Online Content Law Fails Constitutional Scrutiny

     PHILADELPHIA (CN) – On remand from the Supreme Court, the 3rd Circuit struck down the Child Online Protection Act, saying the law is substantially overbroad and is not the least restrictive means for protecting minors from sexually explicit material online.




     The act imposes civil and criminal penalties, including up to six months in prison, for anyone who knowingly posts “material that is harmful to minors” on the Web “for commercial purposes.” Harmful material includes communications that are obscene or, patently offensive or appeal to the “prurient interest,” as defined by community standards.
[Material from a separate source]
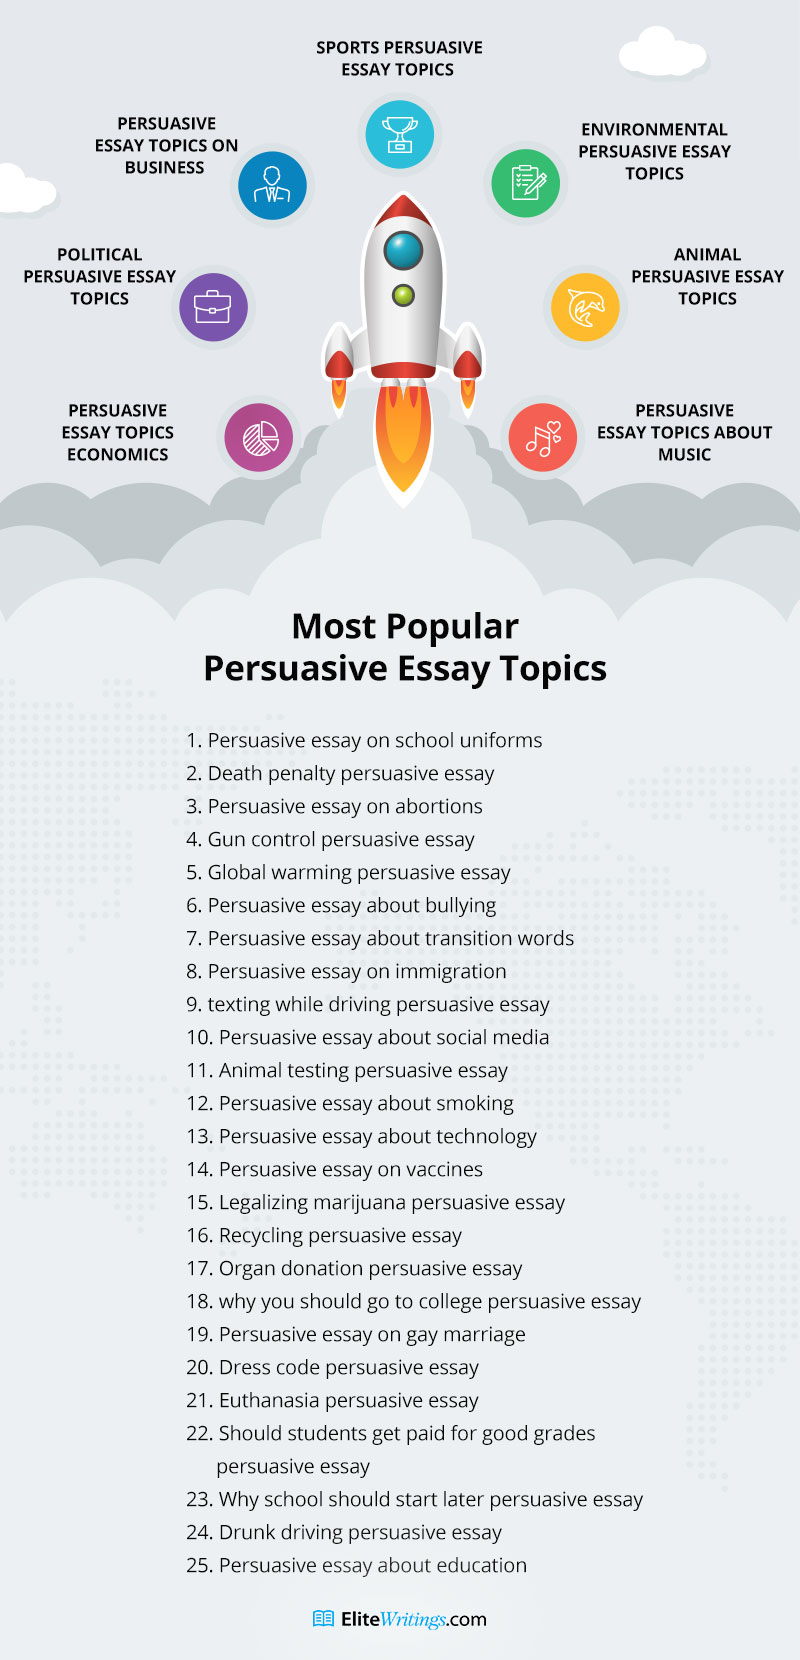 220 Good Persuasive Essay Topics for 2020
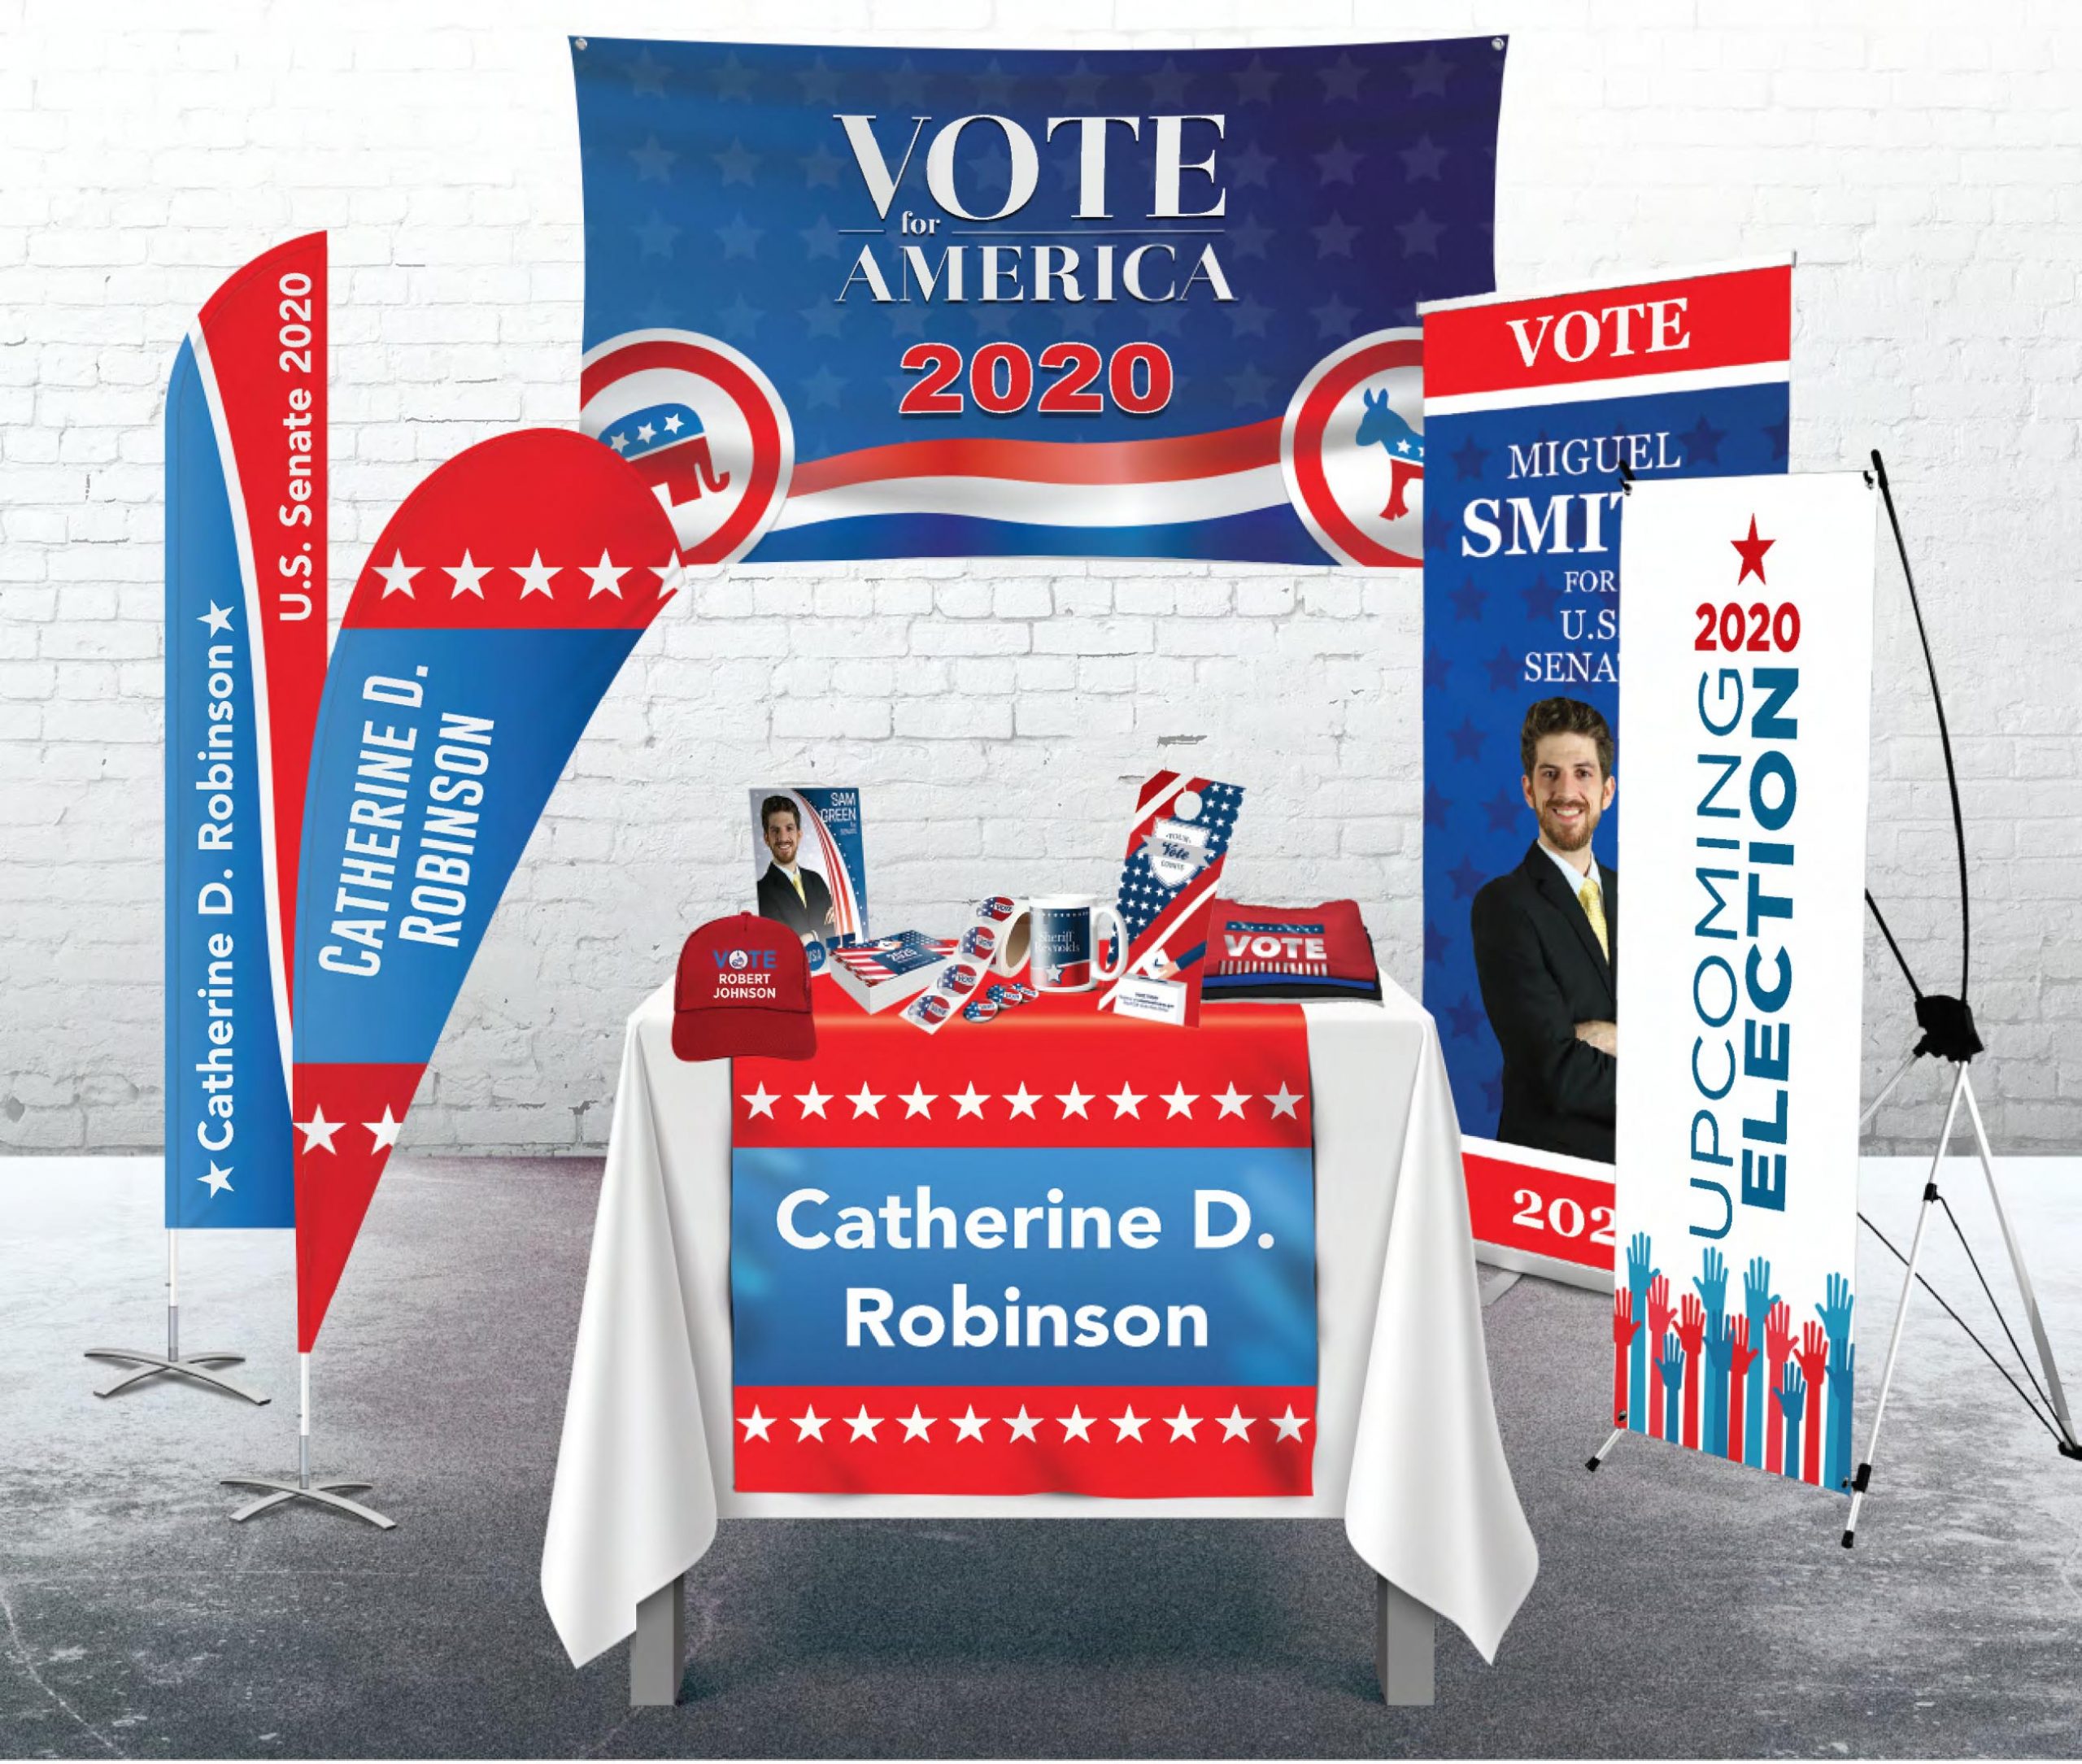 campaign image

     The day after the COPA became law on Oct. 21, 1998, a group of content providers, Web users and the American Civil Liberties Union filed suit, seeking to bar its enforcement. The district court granted a preliminary injunction, and pointed out that filtering and blocking technology was a more effective and less restrictive way to shield minors from online sexual content.
     The appellate court agreed, concluding that the “community standards” language rendered the act unconstitutionally overbroad.
     After two appeals to the Supreme Court, the case was again remanded to the district court to determine whether Internet content filters and other alternatives are more effective than the COPA restrictions. In 2007, the court concluded that the COPA “facially violates the First and Fifth Amendment rights of the plaintiffs for three reasons: It is not narrowly tailored to the compelling interest of Congress, the government failed to show that the statute is the least restrictive and most effective alternative, and the law is “impermissibly vague and broad.”
     The government appealed, arguing that the lower court focused on the “marginal cases” of Web publishers who provide their content for free and ignored the “heartland” of the law’s proscriptions.
     “The fact that COPA places burdens on Web publishers whom the Government does not consider to be within the ‘heartland’ of the statute does not make those burdens any less onerous or offensive to the principles of the First Amendment,” Judge Greenberg wrote.
     The court said the evidence shows filters are more effective and less restrictive than the act – in part, because filters bar minors from seeing all pornography on the Web, not just pornography posted from computers in the United States.